→ Problem statement: Exact copies of the lines below, from the one with "Nuevas restricciones por" up to and including the one with "DELLA SERA Silver", are what this calls for; leave out pictures.

→ Provided material:
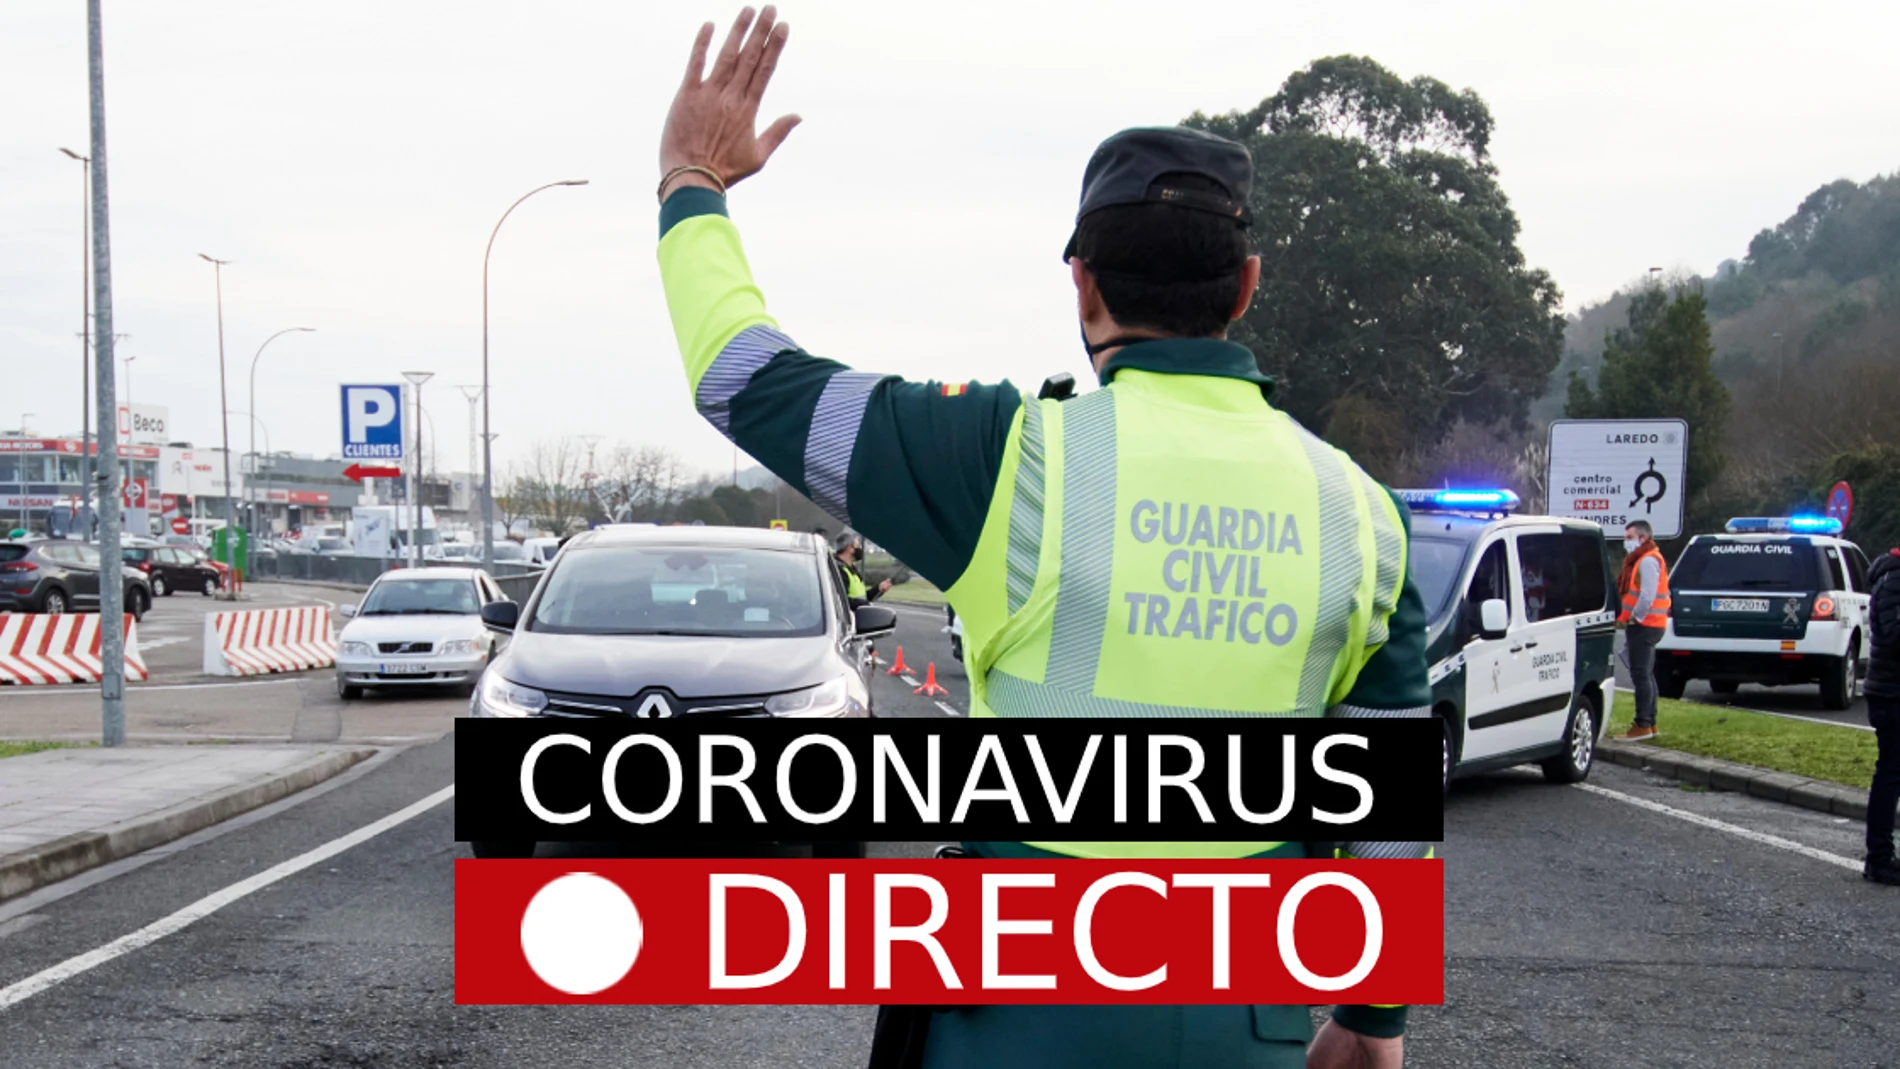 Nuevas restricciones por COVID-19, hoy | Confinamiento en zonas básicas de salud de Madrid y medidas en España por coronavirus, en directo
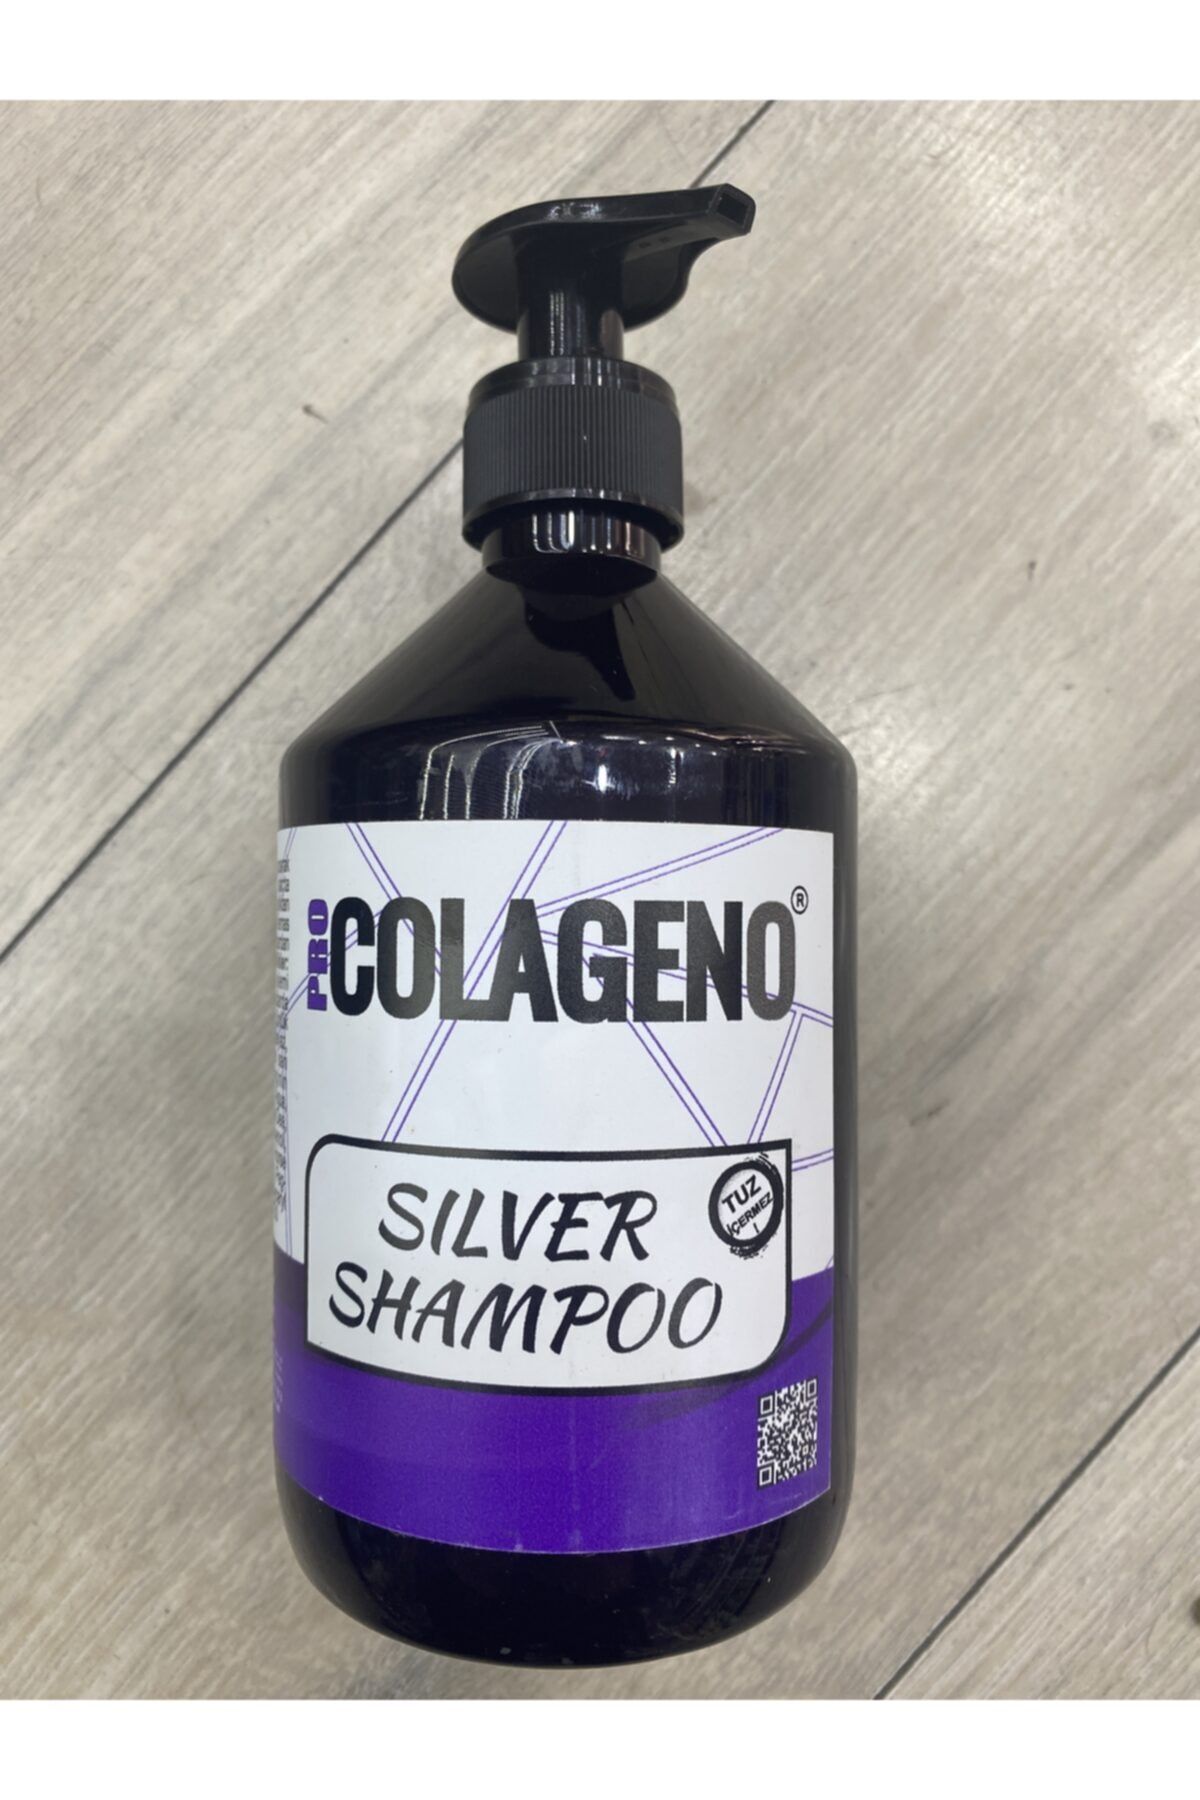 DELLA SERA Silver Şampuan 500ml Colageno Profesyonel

--

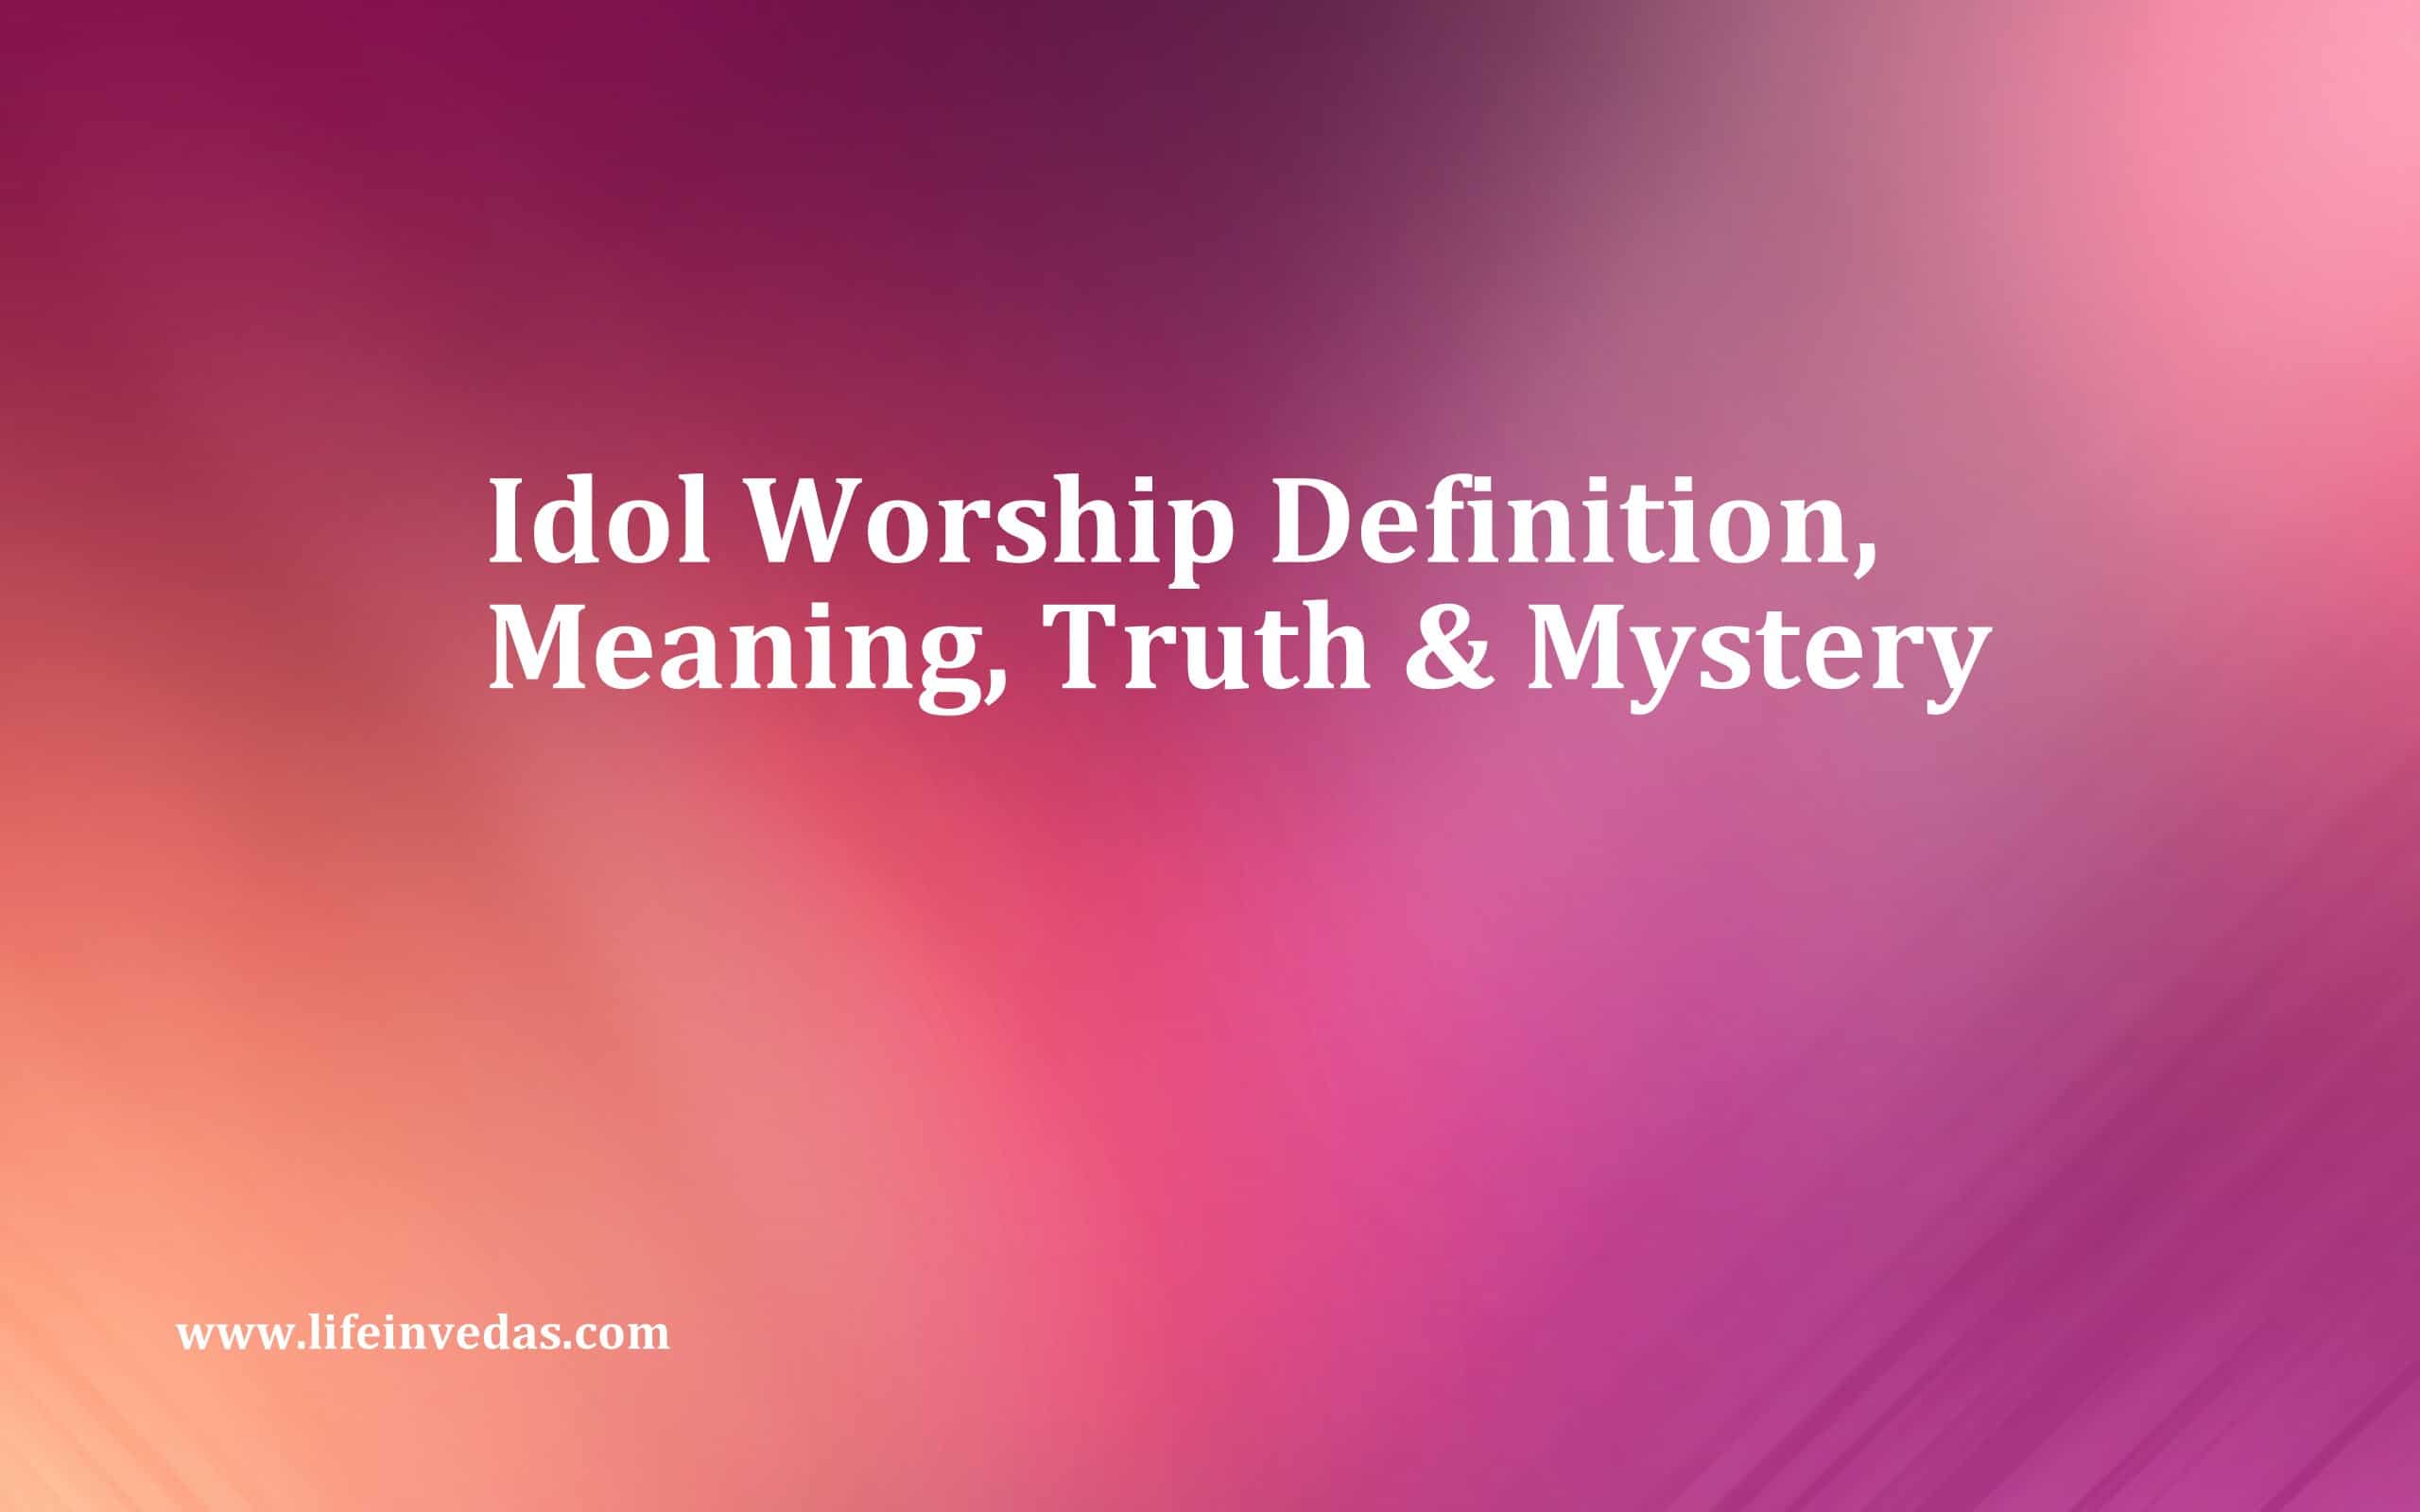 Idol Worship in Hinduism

* * *

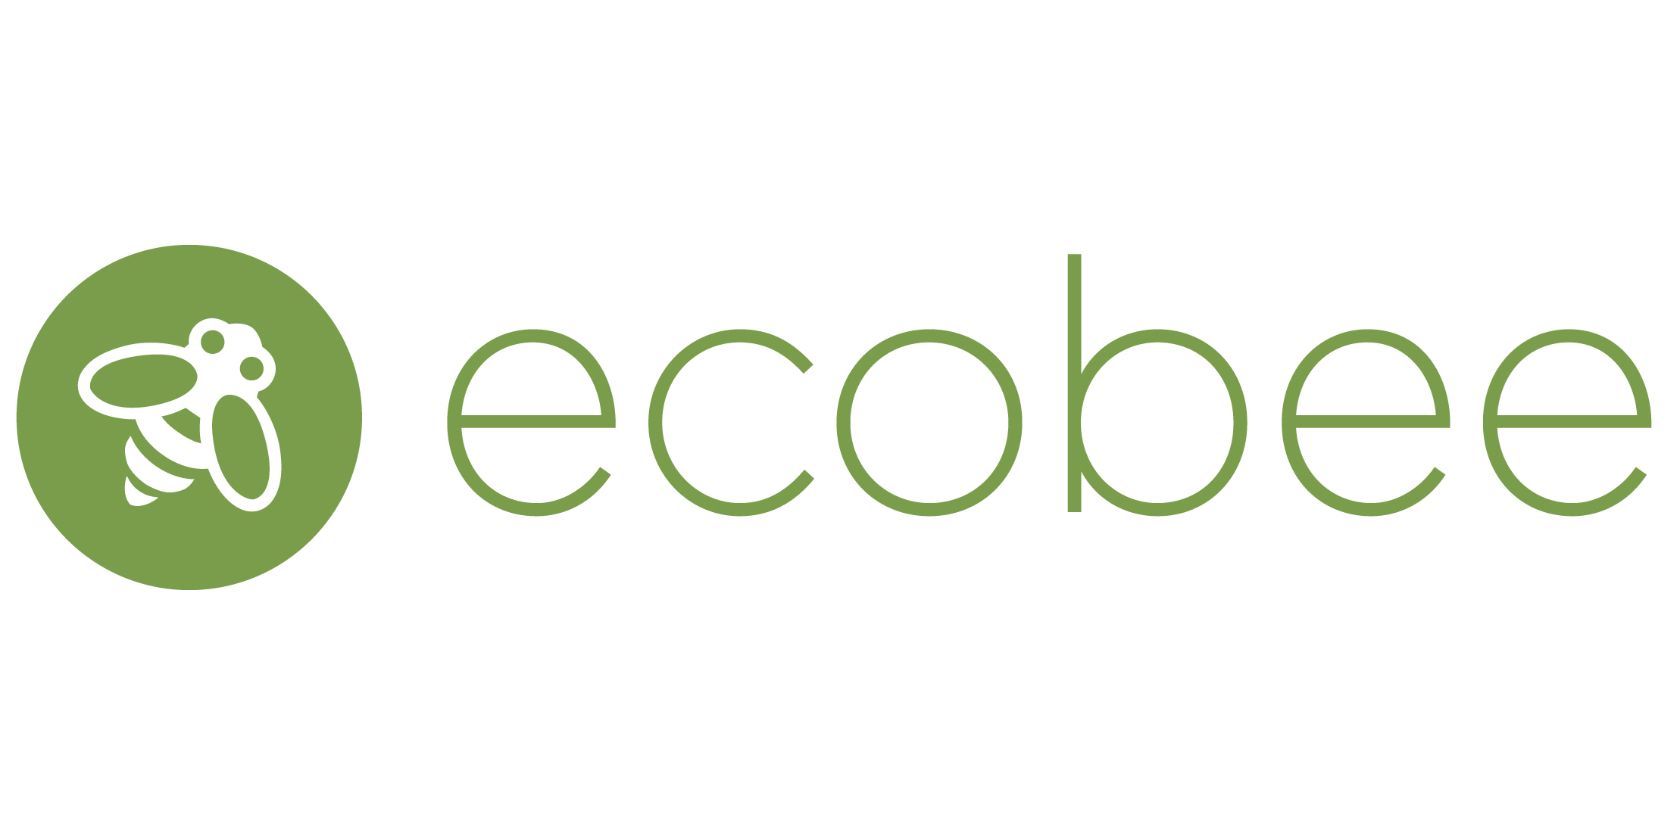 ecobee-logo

→ Result:
 Nuevas restricciones por COVID-19, hoy | Confinamiento en zonas básicas de salud de Madrid y medidas en España por coronavirus, en directo
 DELLA SERA Silver Şampuan 500ml Colageno Profesyonel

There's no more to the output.